Rights of first refusal are usually made continuing: if the selling participant is unable to complete its sale to the third-party purchaser by the deadline for doing so, then the seller is required to go through the process once again before being able to close the sale.
Occasionally, joint venture participants will want an early warning that the other joint venture participant wishes to dispose of its interest in the project, whether because that participant no longer believes that the joint venture arrangement is viable or desirable, or for some other reason. Unlike the right of first refusal, which is initiated by a third party, a right of first offer is triggered by the joint venture participant that is selling.
Accordingly, joint venture agreements often provide that the joint venture participant intending to sell its interest must first deliver to the other joint venture participant a written notice advising of the price and terms on which it wishes to sell its interest and giving such other joint venture participant, say, 30 days to decide and notify the selling participant whether it wishes to purchase such interest at such proposed price and on such proposed terms.
The non-selling joint venture participant usually has two options. The first option is to buy the interest of the selling joint venture participant. The second option is for the non-selling joint venture participant to decline to purchase and, as a result, enable the selling joint venture participant to market its interest for a stipulated period of time (180 days being the norm) with a view to finding a third-party purchaser willing to purchase for a price no lower and otherwise on terms no more advantageous, in the aggregate, to such third-party purchaser than those offered to the non-selling joint venture participant.
This second option could play out in a number of ways. Firstly, the sale may be completed in accordance with the stated specifications in the joint venture agreement. Secondly, if due to timing problems the sale may not be completed within the 180 days, then the selling joint venture participant would be required to go through the sale procedure a second time. Thirdly, the selling joint venture participant may find a third-party purchaser within the prescribed period but the price and the terms that such purchaser is prepared to purchase are more advantageous to the purchaser than those offered to the non-selling joint venture participant.

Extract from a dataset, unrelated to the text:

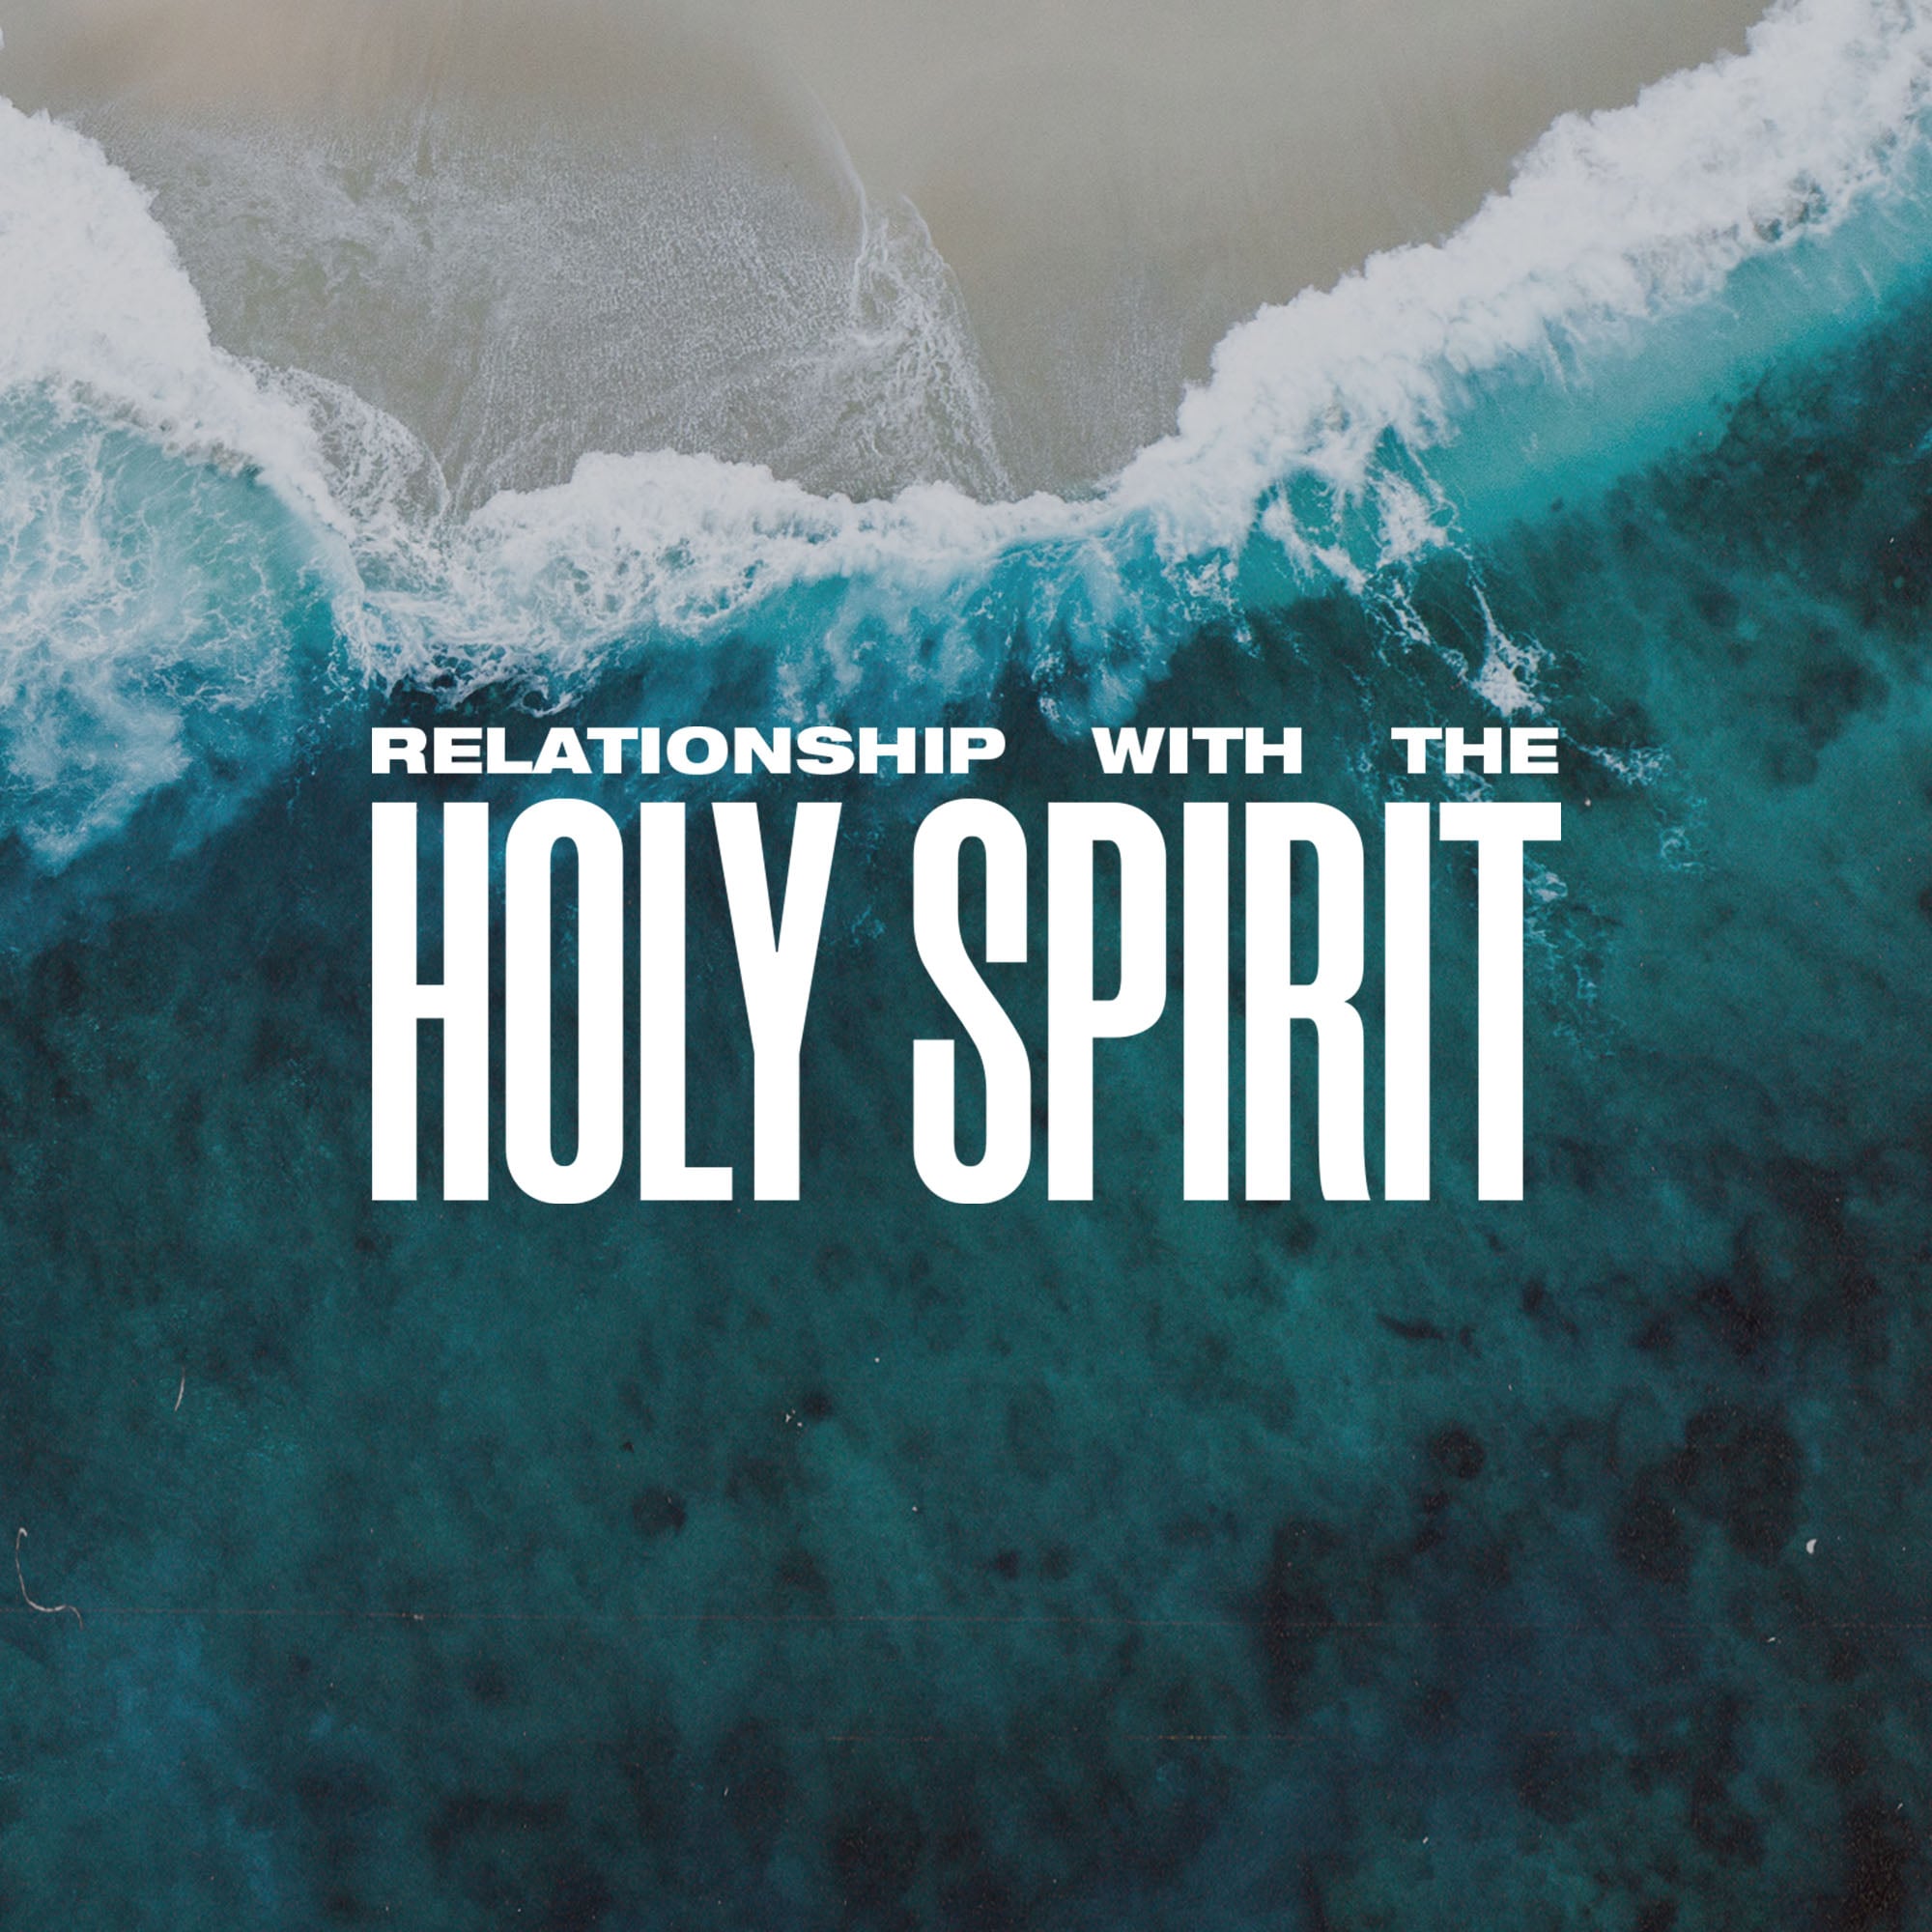 Featured Image for “Relationship with the Holy Spirit”

In such event, the selling joint venture participant would be required to give the non-selling joint venture participant a reasonably brief period of time (say, 20 business days) either to match price and terms offered by the third-party purchaser or to allow the sale to proceed.
Piggyback and Drag Along
Other exotic variations of the right of first offer typically found in joint venture agreements include a "piggyback". This means that a third party intending to purchase the interest of one joint venture participant must offer to purchase the interest of the other joint venture participant on the same terms and conditions and the same per unit price.
Another variation is a "drag along". This means that if the majority joint venture participant sells its interest to the third party, the minority joint venture participant can be "dragged along" and required to sell its minority interest to the same third-party purchaser on the same terms and conditions and the same per unit price.